Верити неуверенно кивнула, а на обеих ее щеках вспыхнуло по красному пятнышку. Затем она поступила так, как, без сомнения, поступала всегда, если утрачивала нить разговора. Переменила тему.
— Полагаю, вы регулярно посещаете Лондон?
— Очень нерегулярно. Настолько нерегулярно, насколько это в человеческих силах. Но и тогда исключительно по делам. Вы видите перед собой отшельника, добровольного пустынника.
— Но неужели вы не скучаете по жизни в мире? Неужели вы не скучаете без ресторанов, театров, магазинов?
Я уловил в лице Риети не слишком тайное ликование и понял, что, подобно клоуну, в чью давно расставленную ловушку наконец чудом угодил настырный зритель, он уже держал про запас великолепный ответ в ожидании такой вот ниспосланной Богом replique
[76].
— Для меня, миссис Нэтт, — сказал он, — мир подобен Нью-Йорку. Город, где приятно побывать, но жить там мне не хотелось бы.
— Нет, это сверхвосхитительно! — воскликнула Верити с жестяным визгом. — Беа, моя дорогая, он истинная находка! Ну, как, как вам это удается?
И тут, без сомнения, поздравляя себя с весомым вкладом в успех нашего маленького собрания — если не обронив сама (что не было ее сильной стороной), так вдохновив на перл, поставивший точку в разговоре, она, по-видимому, разрешила себе помолчать, предоставляя случай блеснуть кому-нибудь из нас.
Молчание в конце концов прервал Оливер.
— Вы же играете в гольф? — спросил он у Риети.
— Гольф? — повторил Риети, осторожно отхлебывая виски и пристально глядя на Беа над краем стопки. — Но, разумеется, нет.

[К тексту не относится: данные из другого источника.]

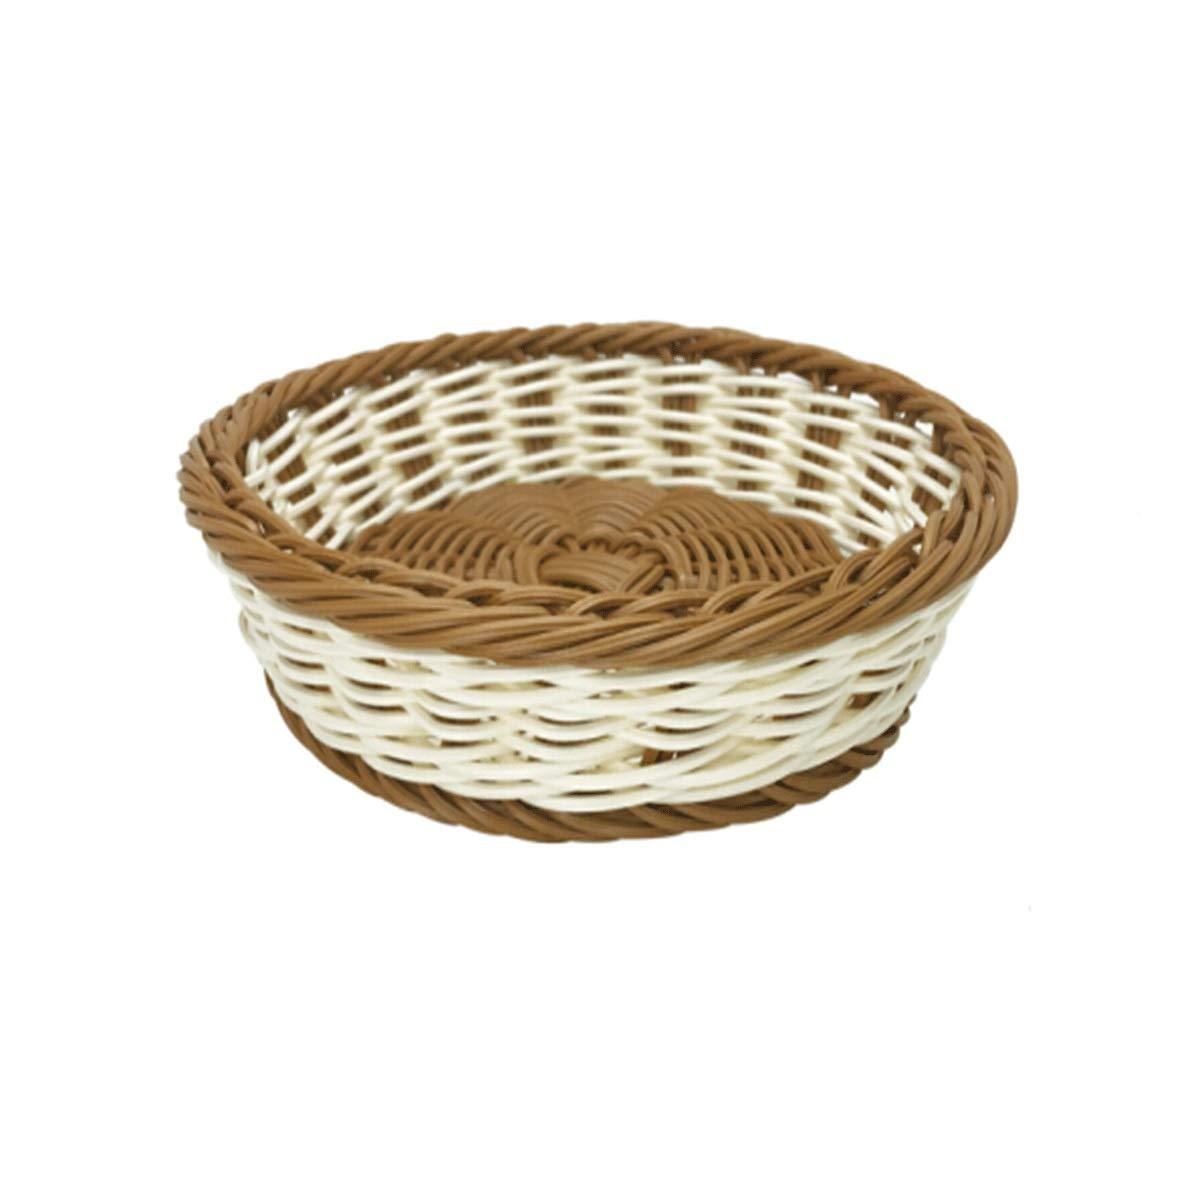 Tongboshi Fruit Basket, Rattan Living Room Creative Fruit Bowl, Bread Basket, Tray Storage Basket, Dried Fruit Basket, Baking Snack Basket, Rice Coffee Two-Color Latest Models (Size : XL)
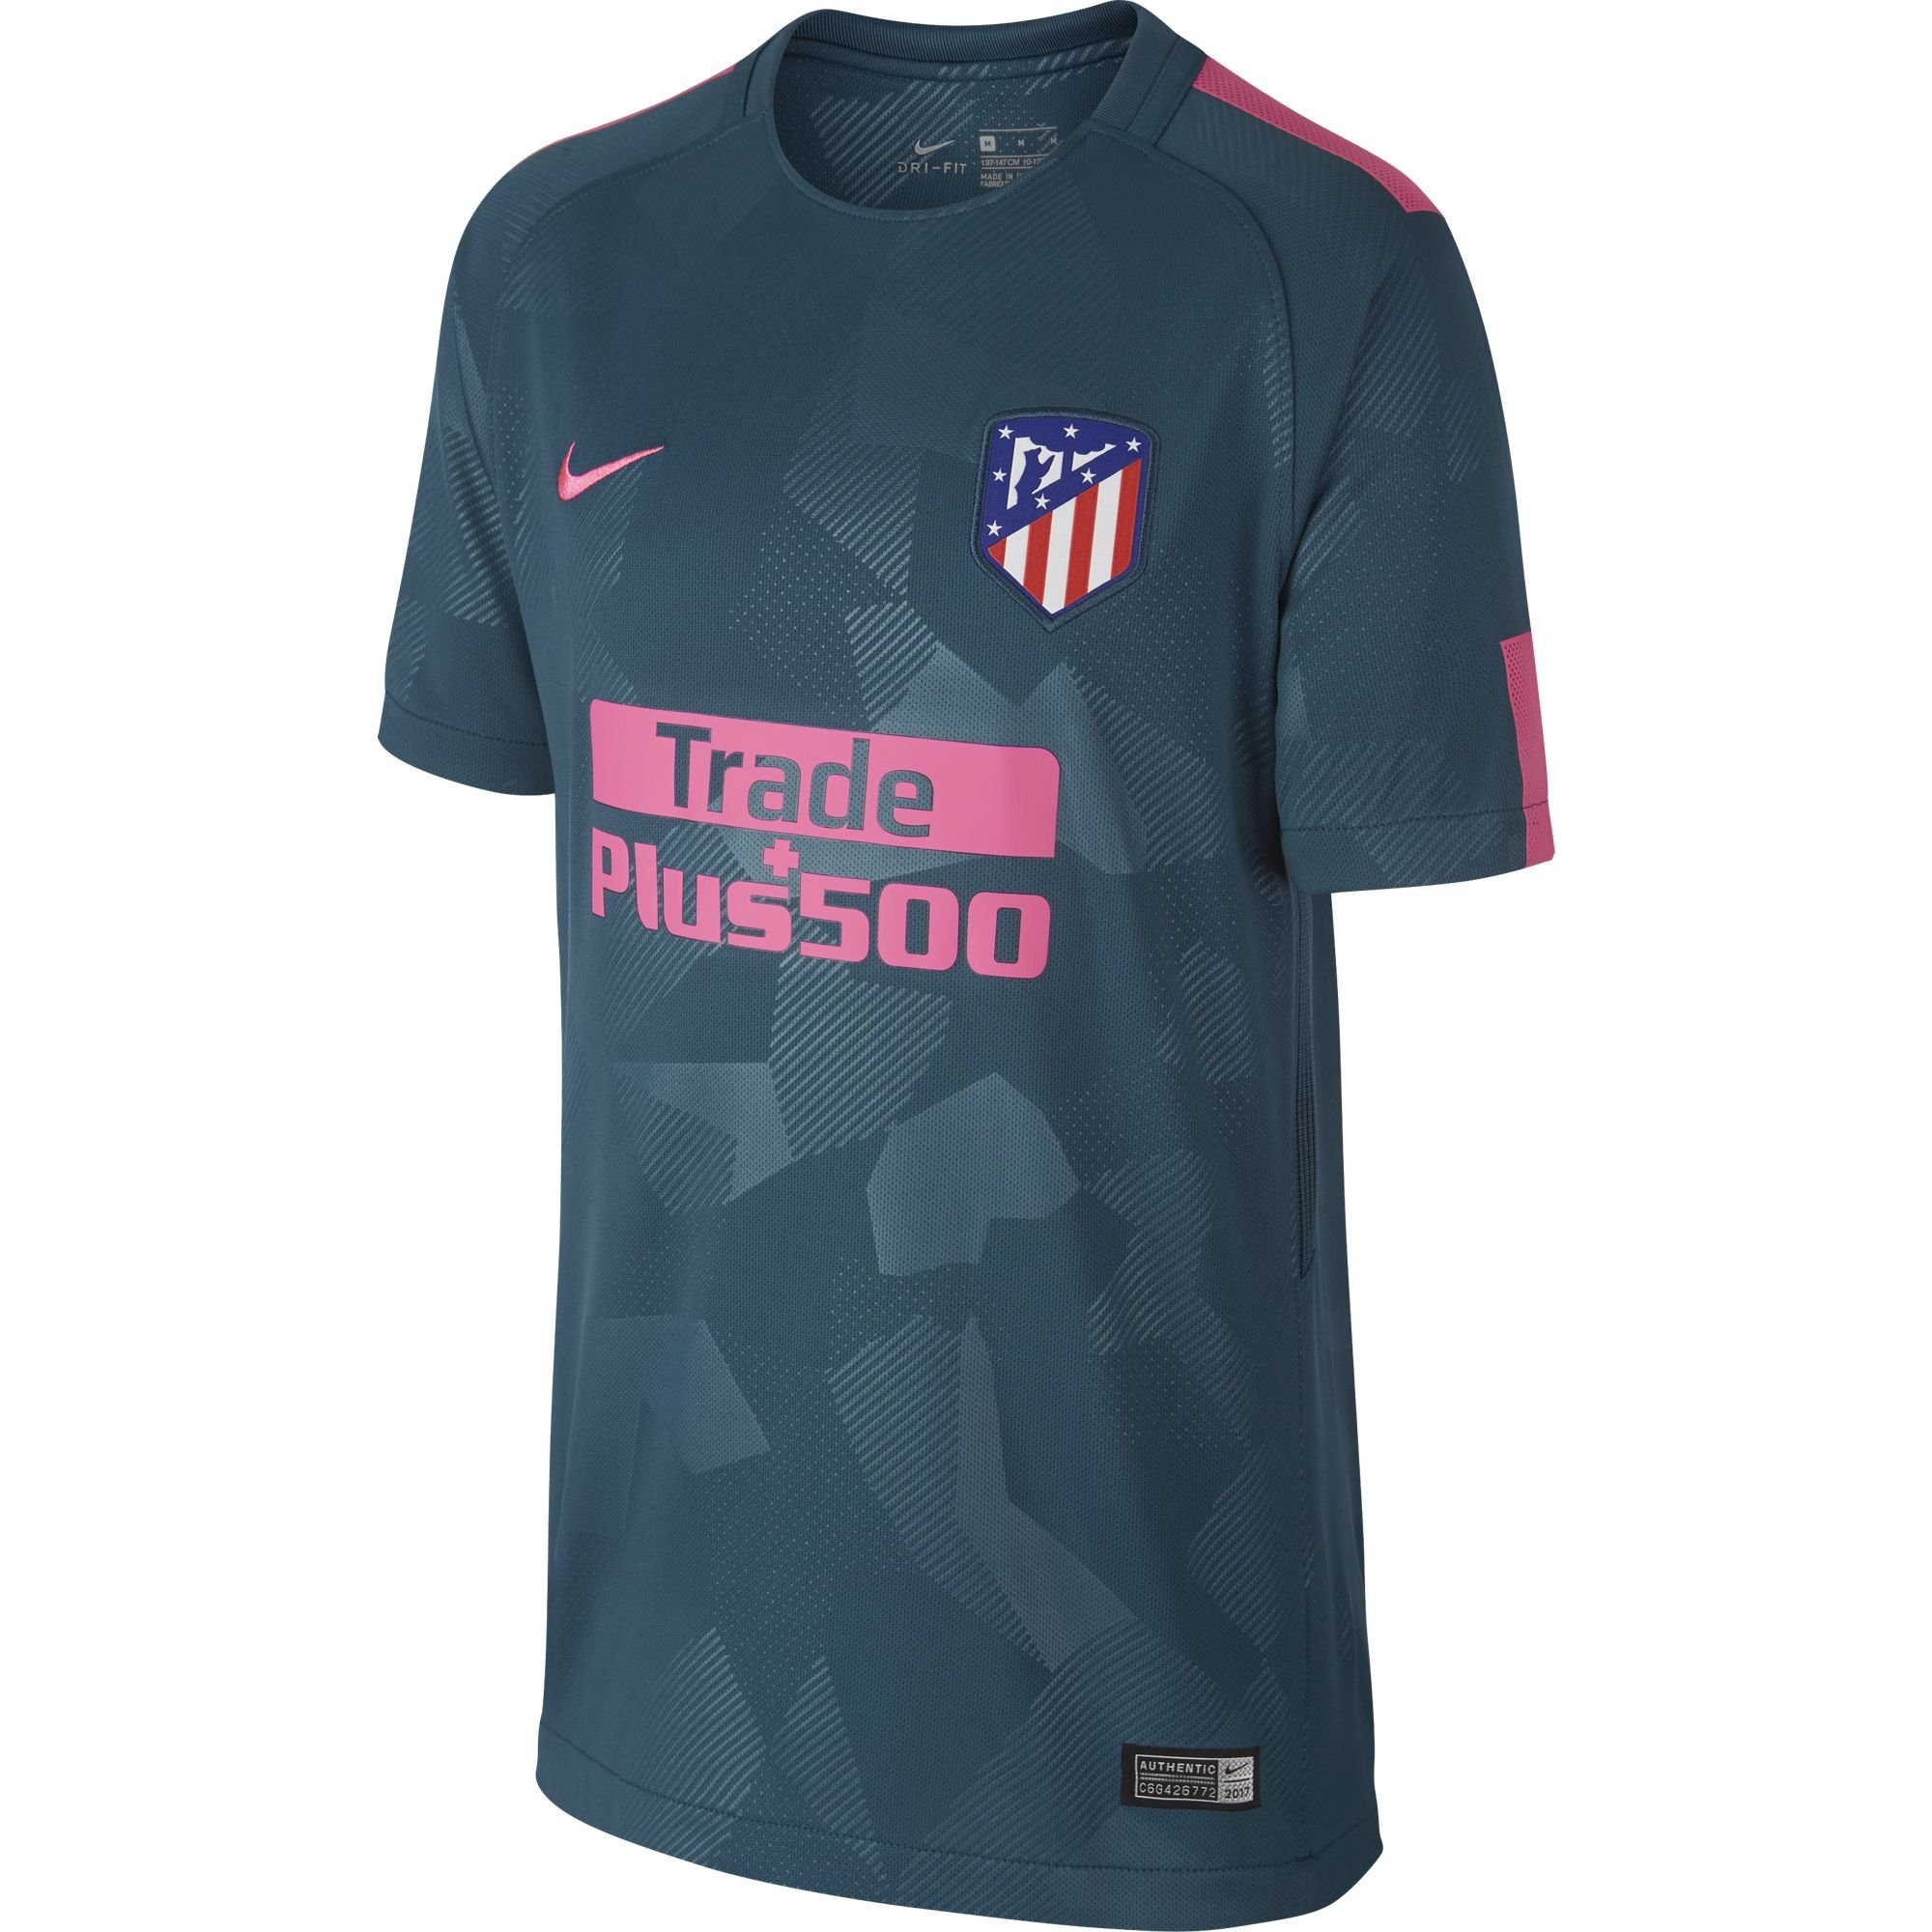 Maillot THIRD Atlético de Madrid gilet

— Мы могли бы сыграть вчетвером, — продолжал Оливер без осечки. — Клюшки, знаете ли, можно взять напрокат. За очень небольшую сумму.
— Я пришел сюда не играть в гольф, — сказал Риети, словно только дебил был способен предположить, что человек вроде него мог оказаться рядом с полем для гольфа ради игры. — Как я сказал, мне хотелось бы поговорить с мадам Шере, если бы она могла мне уделить немного времени. И такое совпадение! Беседа наша касается именно мистера Насра. N\'est-ce pas, madame?
[77]
Беа стояла спокойно, позвякивая двумя-тремя полурастаявшими ледяными кубиками, еще оставшимися в ее почти пустой стопке, — кубиками, написавшими в остатки виски, которое теперь приобрело неаппетитный оттенок мочи. Затем, взглянув на окно до потолка напротив нас, окно, впускающее рассеченный солнечный луч, который одевал ореолом затылки тех, кто стоял ближе к нему, Беа сказала:
— Но у нас же сколько угодно времени для разговора! По-моему, партия в гольф — это чудесная идея. Гай, вы и я против Верити и Оливера, а? Послушайте, Риети, почему бы вам не присоединиться? Немного свежего воздуха — вот в чем вы нуждаетесь.
— Я нуждаюсь, мадам Шере… — начал он, но, видимо, почувствовал, что при таком повороте разговора пока ничего добиться нельзя, и начал заново: — Я нуждаюсь в чашечке кофе. Освежившись, я буду счастлив присоединиться к вам в той прогулке, которую вы готовите для нас. При условии, конечно, что она завершится нашим tete-à-tete
[78].
— Обещаю вам, Риети, наш tete-à-tete.
— Ну так, — спросил он у Верити, — можно в этом клубе получить чашечку кофе?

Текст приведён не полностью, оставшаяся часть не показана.